Calculate Moles of Electrons Transferred

Using the formula \(Q = I \times t\), calculate the total charge transferred. Given: \(I = 4.50\, \text{A}\) and \(t = 1.0\, \text{h} = 3600\, \text{s}\).Thus, \(Q = 4.50\, \text{A} \times 3600\, \text{s} = 16200\, \text{C}\).The number of moles of electrons transferred is given by \(n = \frac{Q}{F}\), where \(F = 96485\, \text{C/mol}\) is Faraday's constant.\(n = \frac{16200}{96485} \approx 0.168\, \text{mol of electrons}\).

Calculate Moles of Copper and Bromine Produced

The reduction of Cu²⁺ to Cu requires 2 moles of electrons per mole of Cu, and the oxidation of Br⁻ to Br₂ requires 2 moles of electrons per mole of Br₂.Moles of Cu produced: \( \frac{0.168}{2} = 0.084\, \text{mol of Cu}\).Moles of Br₂ produced: \( \frac{0.168}{2} = 0.084\, \text{mol of Br}_{2}\).

Convert Moles to Grams

Calculate grams of Cu and Br₂ using their molar masses. Molar mass of Cu is 63.55 g/mol, and molar mass of Br₂ is 159.808 g/mol.Grams of Cu: \(0.084 \times 63.55 = 5.34 \text{ g of Cu}\).Grams of Br₂: \(0.084 \times 159.808 = 13.42 \text{ g of Br}_{2}\).

Key concepts

Chemical Reactions

Chemical reactions are processes where substances undergo chemical changes to form new substances. In the context of electrolysis, these reactions take place within an electrolyte solution. When a direct electrical current is applied, chemical species at the electrodes either gain or lose electrons.

• Redox Reactions: Electrolysis involves redox reactions, which are reactions where oxidation and reduction occur simultaneously. - At the cathode, reduction occurs: Copper ions (\( \text{Cu}^{2+} \)) gain electrons to form metallic copper. - At the anode, oxidation happens: Bromide ions (\( \text{Br}^{-} \)) lose electrons to form bromine gas (\( \text{Br}_2 \)).
• Electrolytes: These are substances that dissociate into ions in solution and conduct electricity. For copper bromide, it dissociates into copper (\( \text{Cu}^{2+} \)) and bromide (\( \text{Br}^{-} \)) ions.

Understanding the flow of electrons and the movement of ions helps explain how substances change their form through chemical reactions during electrolysis.

Faraday's Law

Faraday's laws of electrolysis form the bridge between electrical energy and chemical change. Michael Faraday, a pioneering scientist, detailed these quantitative relationships, which are vital in predicting electrolytic outcomes.

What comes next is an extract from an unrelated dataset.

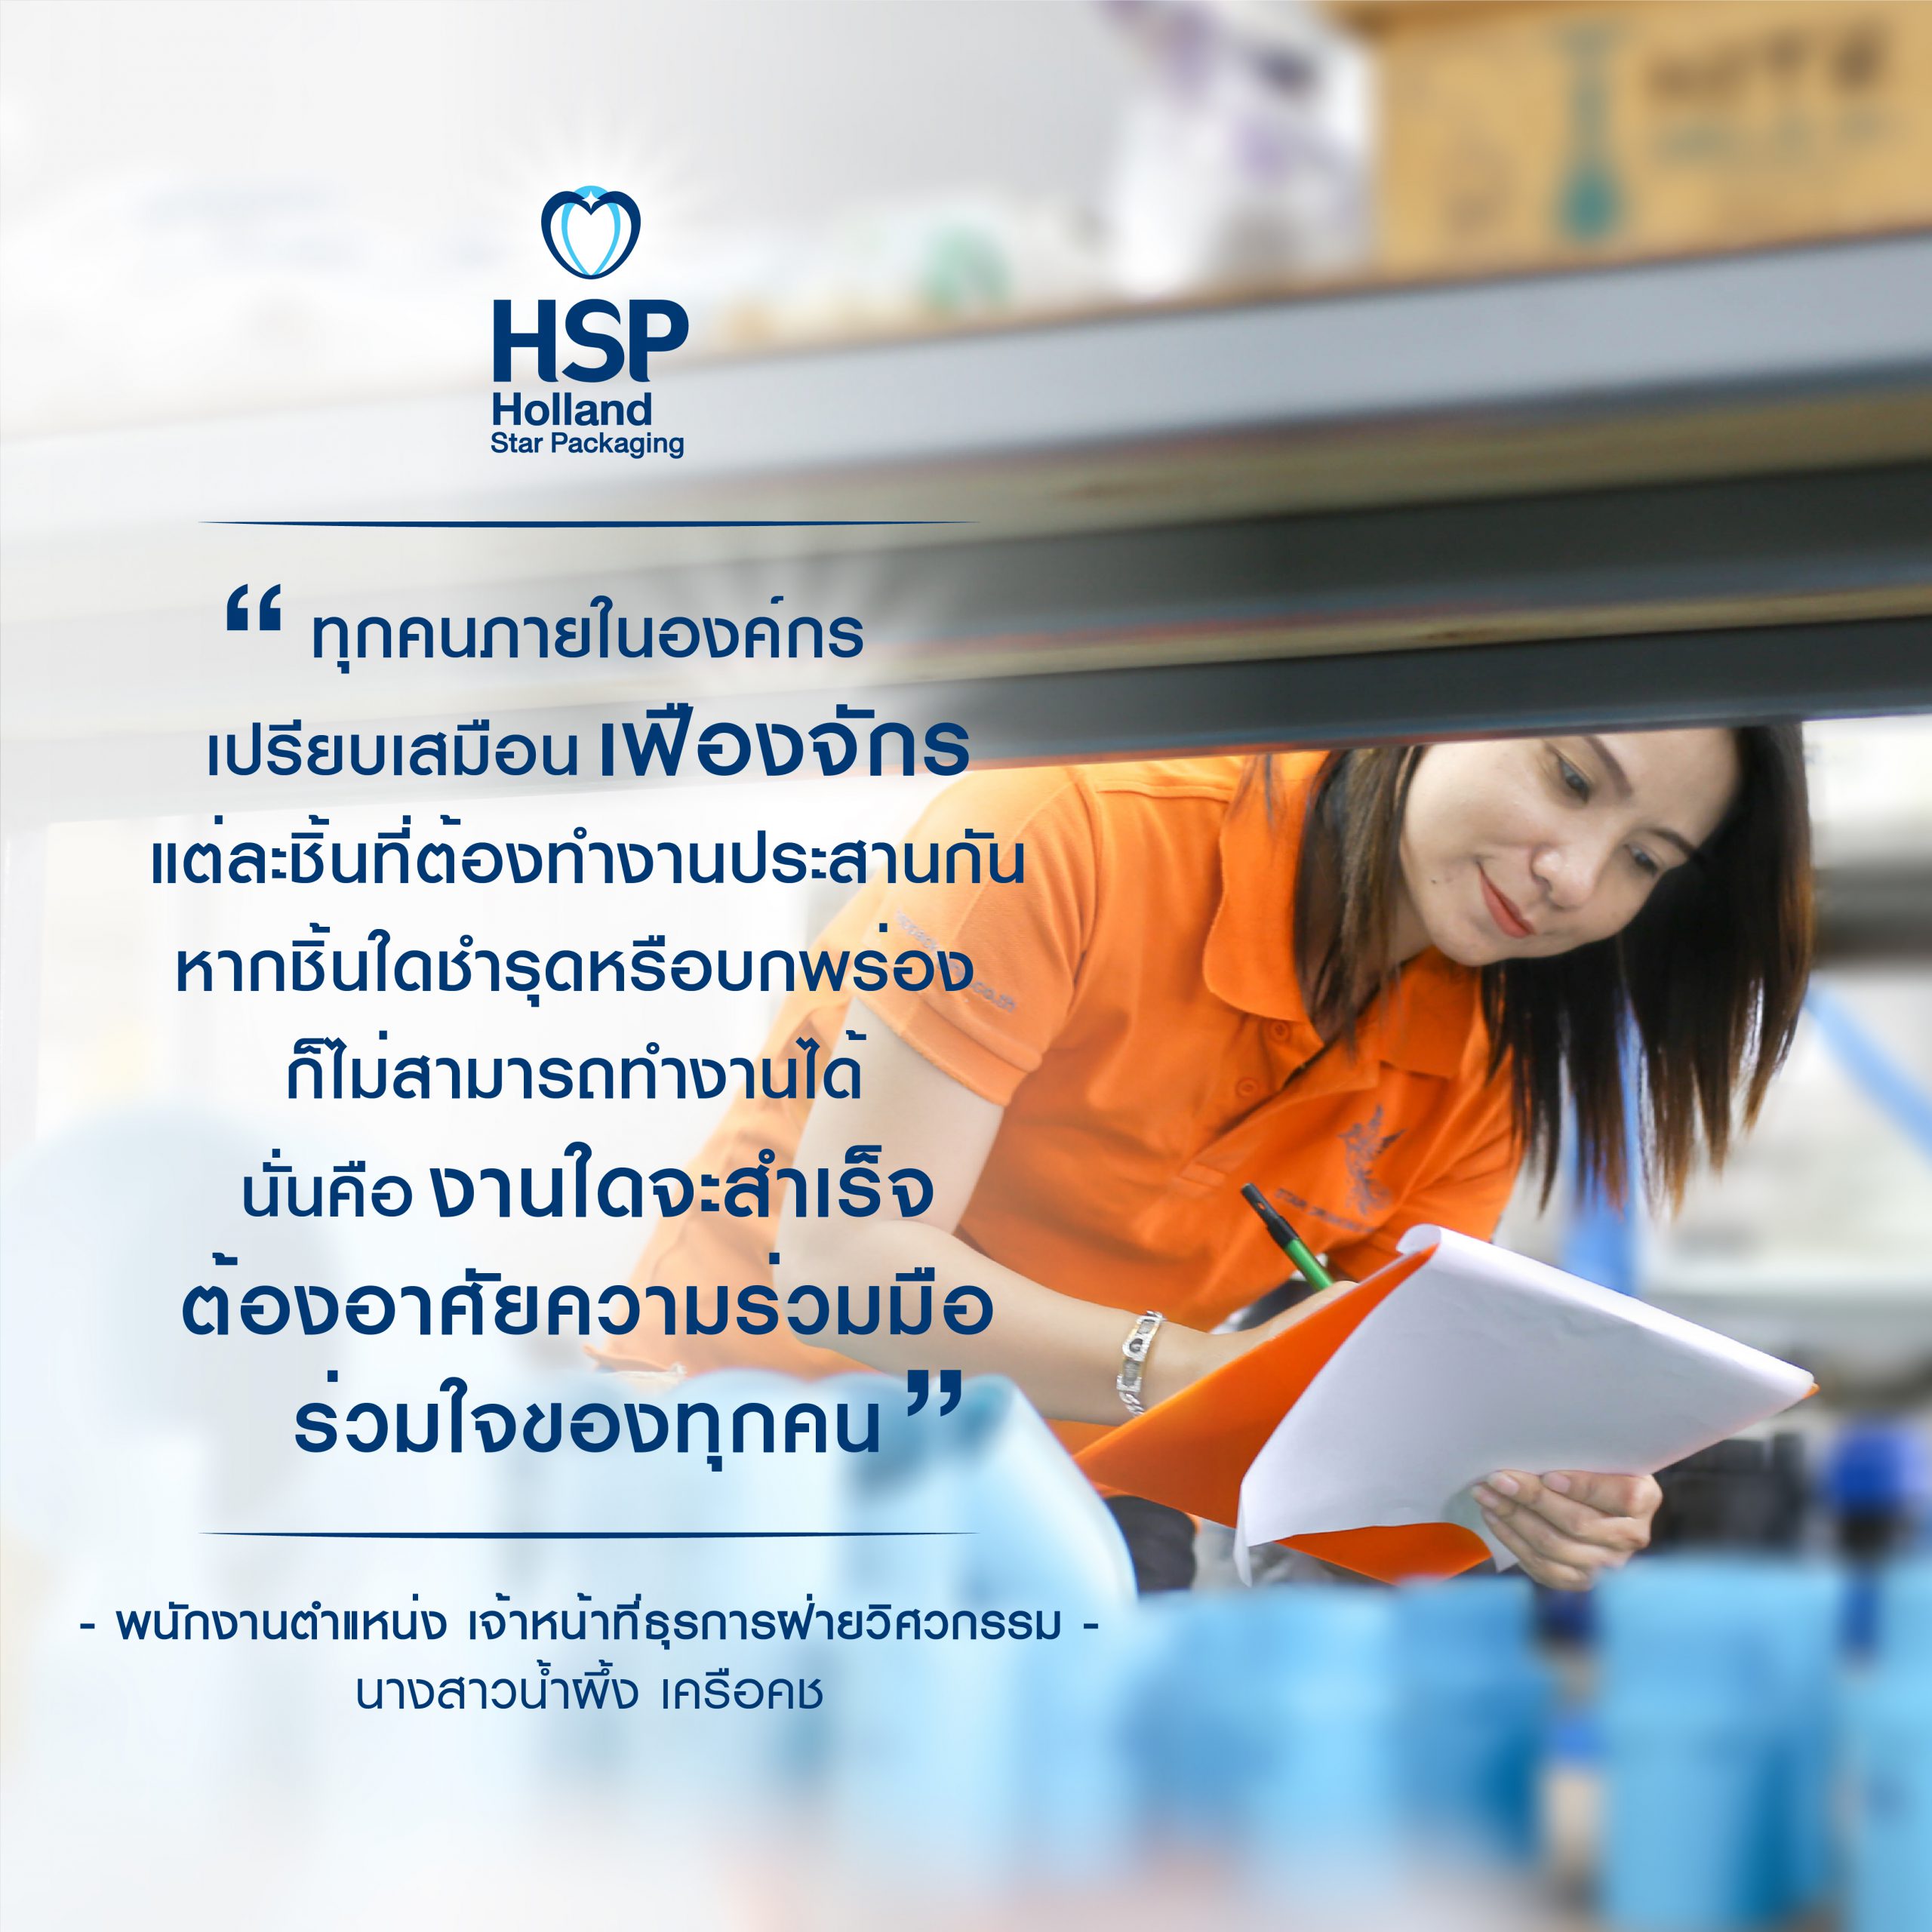 hsp-motto-31-hsppackaging-oem-water

• First Law: The mass of a substance altered at an electrode during electrolysis is proportional to the amount of electrical charge passed through the circuit.- Mathematically, it translates to \( m = kQ \), where \( m \) is the mass of the substance, \( k \) is a constant, and \( Q \) is the electric charge.
• Second Law: For the same quantity of electricity, the amount of substance altered is directly proportional to its equivalent weight.- This means different substances require different amounts of charge to undergo change, based on their valency and atomic mass.

Applying these laws helps calculate important entities like moles of electrons, providing a bridge to determine the final amounts of products in technical electrolysis applications.

Copper Bromide Electrolysis

Electrolysis of copper bromide (\( \text{CuBr}_2 \)) is an example of a classic redox reaction at electrodes. For students, understanding this process involves splitting the reaction into half-reactions and applying Faraday's laws to quantify the results.

• Dissociation: Copper bromide in solution dissociates into copper (\( \text{Cu}^{2+} \)) and bromide (\( \text{Br}^{-} \)) ions.
• Cathode Reaction: Cu²⁺ + 2e^- → Cu- Copper ions gain electrons and deposit onto the cathode as metallic copper.
• Anode Reaction: 2Br^- → Br₂ + 2e^-- Bromide ions lose electrons to form bromine gas at the anode.
• Mass Calculation: By calculating the number of moles of electrons (using charge and Faraday's constant), students can determine the moles and subsequently the grams of copper and bromine produced.

The exercise emphasizes using equipment like ammeters and understanding well-established principles to convert abstract equations into real-world quantities.